今後とも末永いお付き合いを賜りますよう、
よろしくお願い申し上げます。
敬具
お世話になった方へのお礼
拝啓 ○○の候、○○様におかれましてはますますご健勝のことと
お慶び申し上げます。
このたびは大変お世話になり、心より御礼申し上げます。
○○様のご尽力のおかげで、無事に○○を達成することができました。
今後ともご指導ご鞭撻を賜りますよう、
よろしくお願い申し上げます。
末筆ながら、○○様のますますのご活躍をお祈り申し上げます。
敬具
お見舞いのお礼
拝啓 ○○の候、皆様にはお変わりなくお過ごしのことと存じます。
先日は入院中にお見舞いにお越しいただき、
また温かいお心遣いをいただきまして、誠にありがとうございました。
おかげさまで○月○日に無事退院し、
自宅にて療養を続けております。
お見舞いの品に励まされ、回復に向かうことができました。
全快の折にはぜひお目にかかりたく存じます。
心ばかりですが快気祝いの品をお贈りいたしますので、
ご笑納いただければ幸いです。
敬具
メールでのお礼
略式ではありますが、メールでお礼を伝える場面も増えています。
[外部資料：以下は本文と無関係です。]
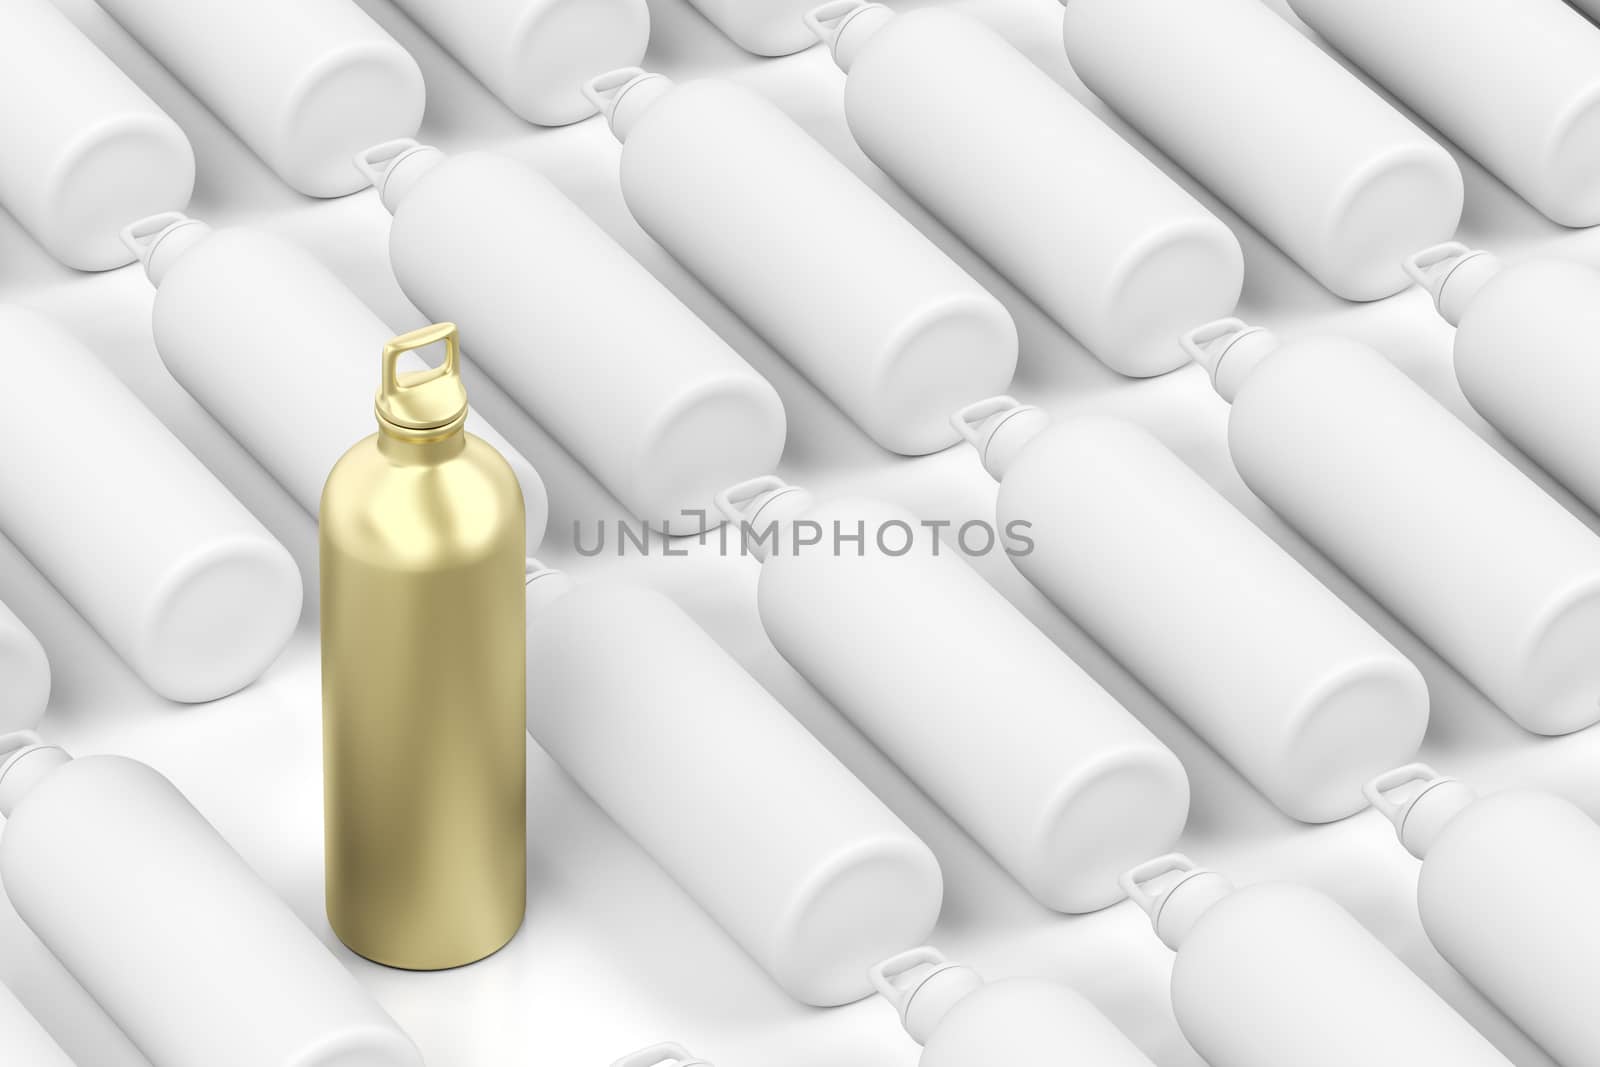 Golden bottle among other blank white bottles, concept image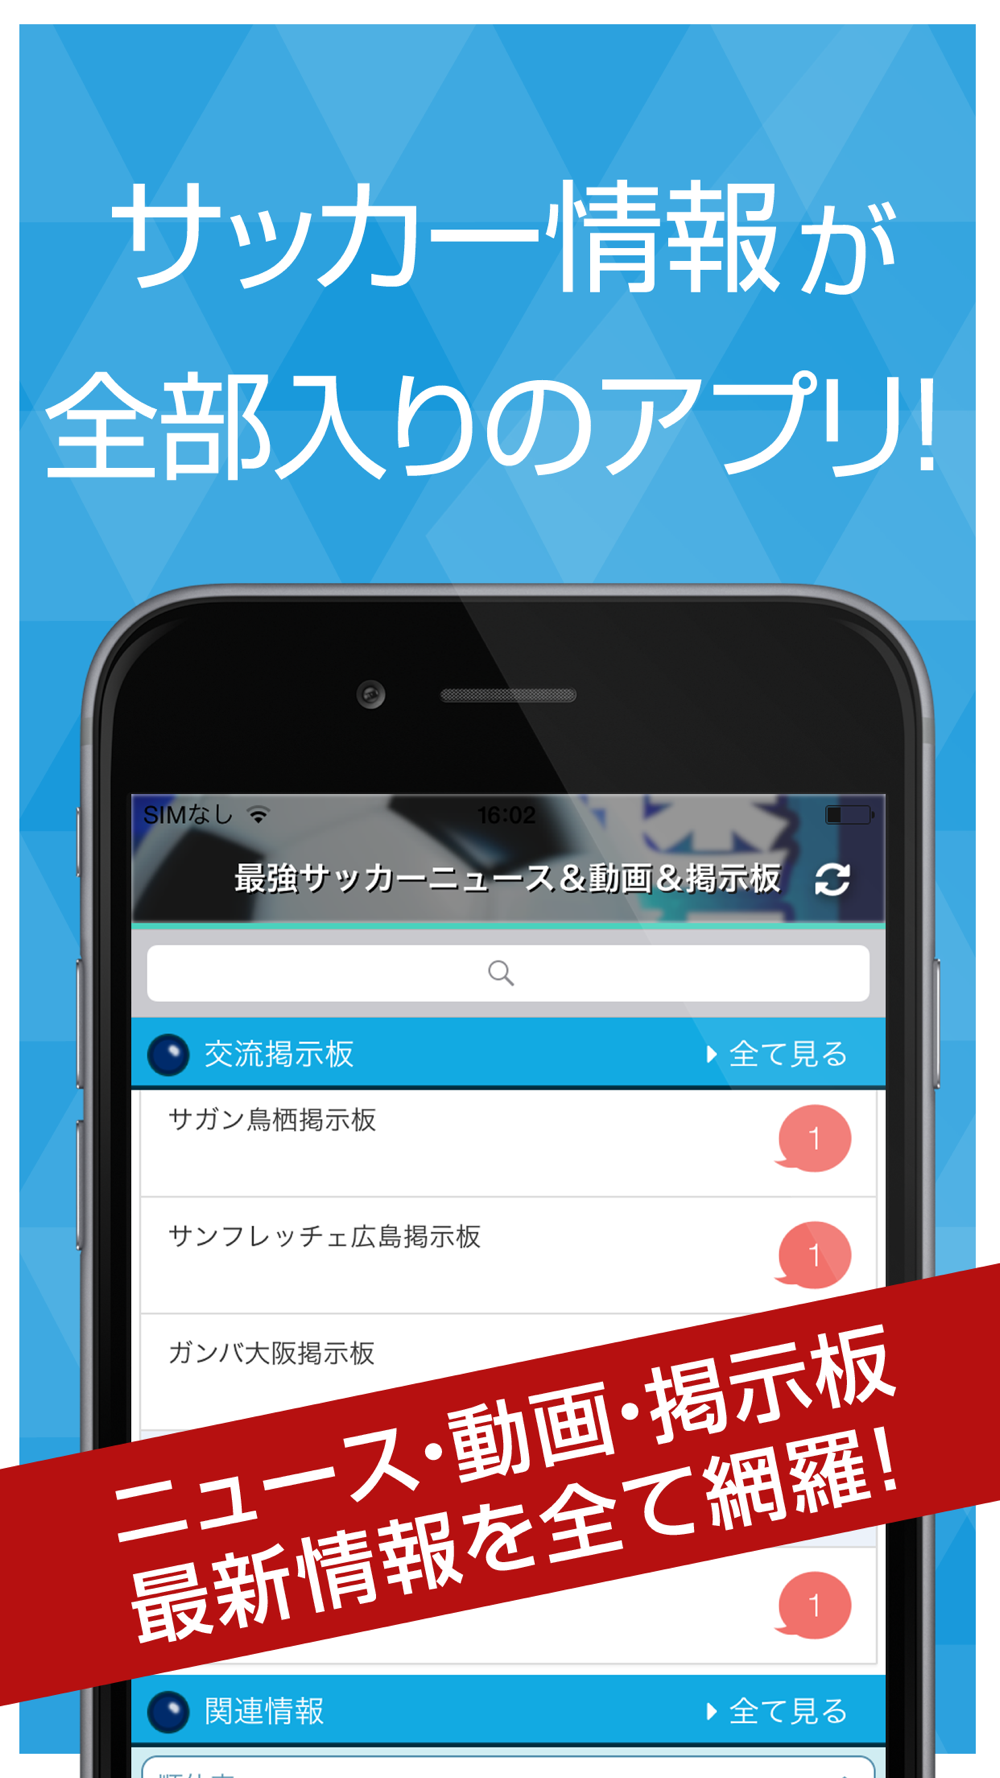 最強サッカーニュース 動画 掲示板 Free Download App For Iphone Steprimo Com

メールの場合は以下の点を意識しましょう。
- 件名にお礼の内容を明記する(「○○のお礼」)
- 簡潔でありながら感謝の気持ちが伝わる文面にする
- 送信はできるだけ早く(当日〜翌日中)
- 正式なお礼状を別途送る場合は、その旨を記す
まとめ
お礼状は感謝の気持ちを丁寧に伝える手段です。デジタルコミュニケーションが主流の現代だからこそ、手書きの手紙は相手に深い印象を残します。基本の構成を押さえ、自分の言葉で感謝を綴ることが、良いお礼状を書くコツです。